Where to buy the ingredients:

  • Organic vodka – Rain and Crop are available nationally.  The others maybe too, but I have not seen them as abundantly in my area.
  • Taza organic roasted cacao nibs at NewLeaf Chocolates. – click here.

Cheers and happy holidays!

For more drink recipes using cacao-infused vodka, see this new post.

Notes:  [1]Some people doubt the value of “organic” when it comes to vodka since producers are simply starting with organic grain and, in the end, it might just be a marketing ploy.  I have to admit that I have not researched this technically at all, but my simple assessment is that if there are residual pesticides in the grain or potatoes and they are volatile enough, then there is no reason why traces can’t make it through the whole process all the way past distillation and into the bottle.  Arguably, distillation is a purification process and other steps are taken to purify vodka, but it doesn’t mean that all the bad stuff is gone. You might consider vodka to be bad stuff too, so let’s put it all in context.  After all, if you drink too much vodka, too often, then you will have bigger problems than potential traces of pesticides.
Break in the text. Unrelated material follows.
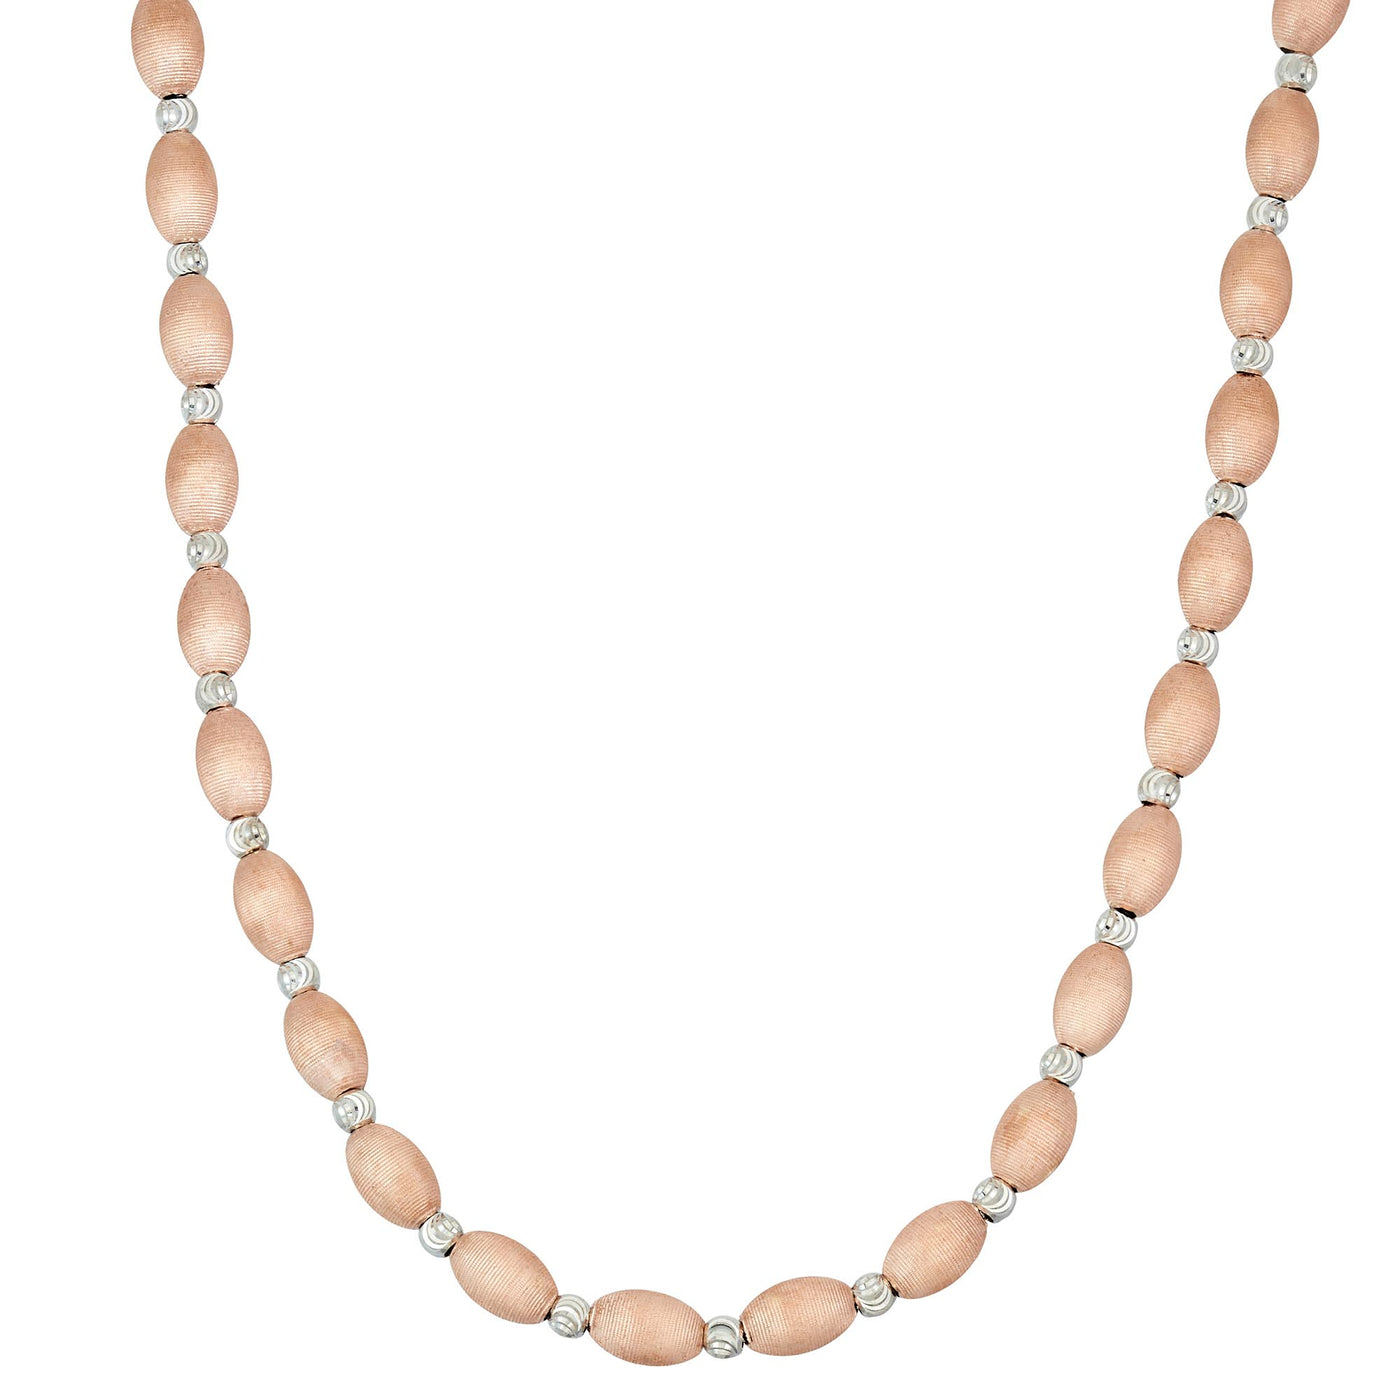 Rebecca Sloane Rose Gold and Rhodium Plated Silver Bead Necklace

Furthermore, if you focus only on the health issues for the consumer, you’re missing the full picture.  Pesticides and other chemicals can be harmful for the environment and for the farm workers who apply them to the fields.  For me, this is the strongest case for organic vodka.   I made an organic vodka martini because I thought it would be fun, but I don’t know if it’s any better for my health than good old fashioned vodka.  Either way, please drink responsibly.

[2] I paid for all ingredients myself.